Unfortunately, not all applications are well suited for voice interfaces. Large documents and multiple views are some of the features that are difficult to achieve with voice. On the other hand, there are certain tasks that voice is better suited for, such as, saying the name of the restaurant you are looking for rather than typing it in. The challenge is to make new applications that utilize voice dialogs.
As of the writing of this book we see the rapid growth of the voice-service industry. Most airlines, banks, shipping companies, and other time-sensitive businesses provide some sort of automated telephone support or information service. In addition, new breeds of services are emerging, such as "voice portals" which provide a service analogous to that of a Web portal. Also, natural dialog systems are starting to make inroads into the area of customer support. The fact that these services are accessible from wired phones, mobile phones, and other emerging wireless devices makes them ubiquitous.
1.1.3 Enabling technologies
While IVR technology has evolved slowly over the past couple of decades, the voice-application world has seen accelerated growth, mostly due to the coming of age of some core enabling technologies. These include:
Automatic Speech Recognition (ASR)
In the past couple of years improvements in speech-recognition algorithms combined with the explosion in available computing power have made speech recognition a realistic deployable technology. Early problems with speech recognition including speaker dependence and small vocabularies have largely been solved.
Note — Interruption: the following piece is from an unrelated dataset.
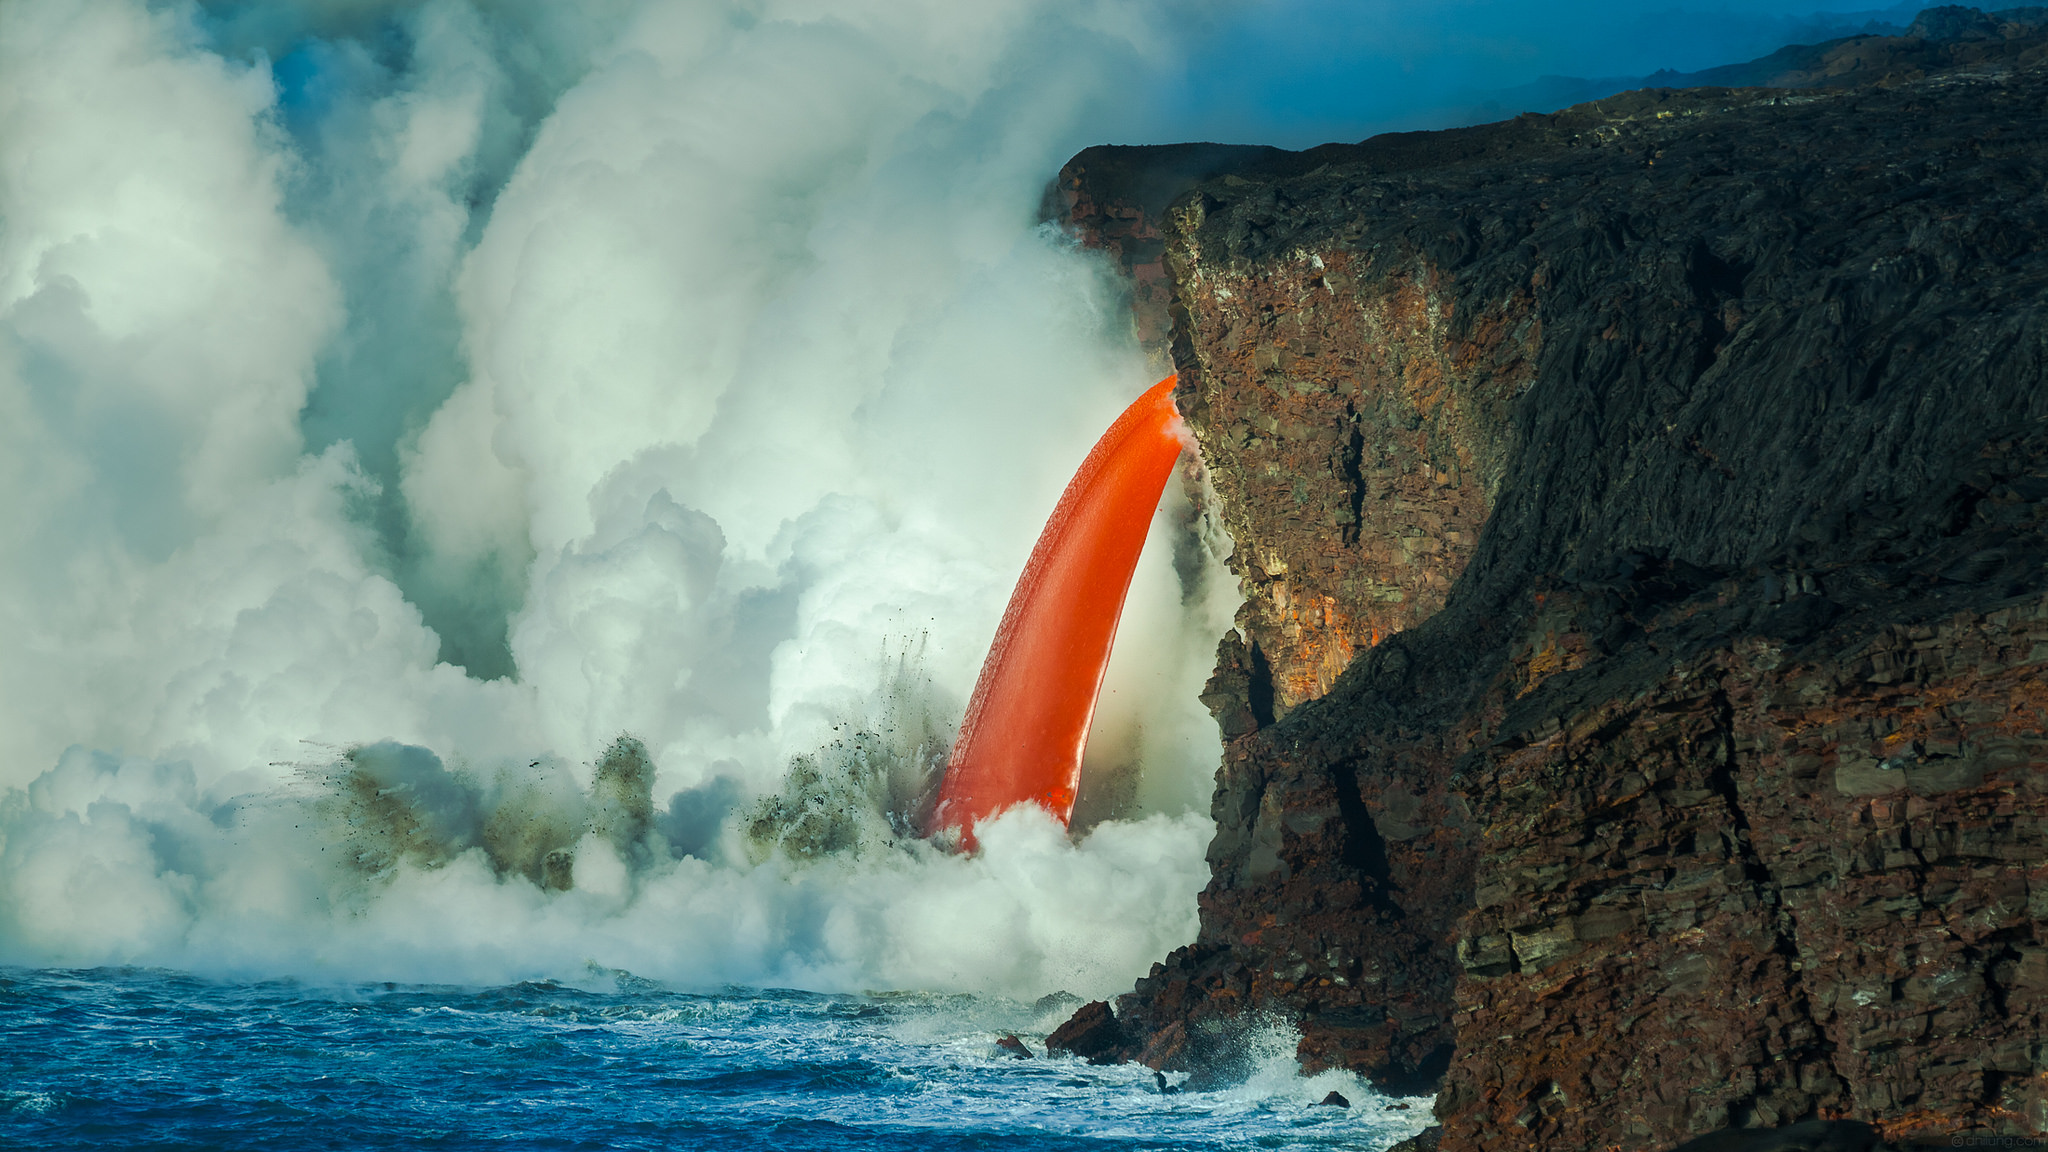 Lava Waterfall, Kilauea Volcano, Hawaii - Lava from the Kilauea volcano flowing into the Pacific Ocean on Jan 30th, 2017 (61G ocean entry). It is considered an unusual phenomenon by geologists. The 'waterfall' was formed after a portion of the Kamokuna lava delta collapsed

Just as the technology for recognizing human speech has taken a quantum leap, so has the technology for synthesizing human speech. TTS technologies now sound much more life-like increasing their understandability and their acceptance with a mass-consumer market. The emergence of TTS technologies has enabled the development of much more dynamic voice applications because, unlike traditional IVR applications where every audio response must be pre-recorded, a TTS system can generate speech responses on the fly.
Enterprise Software Integration Technologies
The birth of the Web ushered in a whole new breed of flexible scalable enterprise application servers. This has allowed business logic to be more easily accessible over network connections facilitating the integration of voice systems with back-end data system.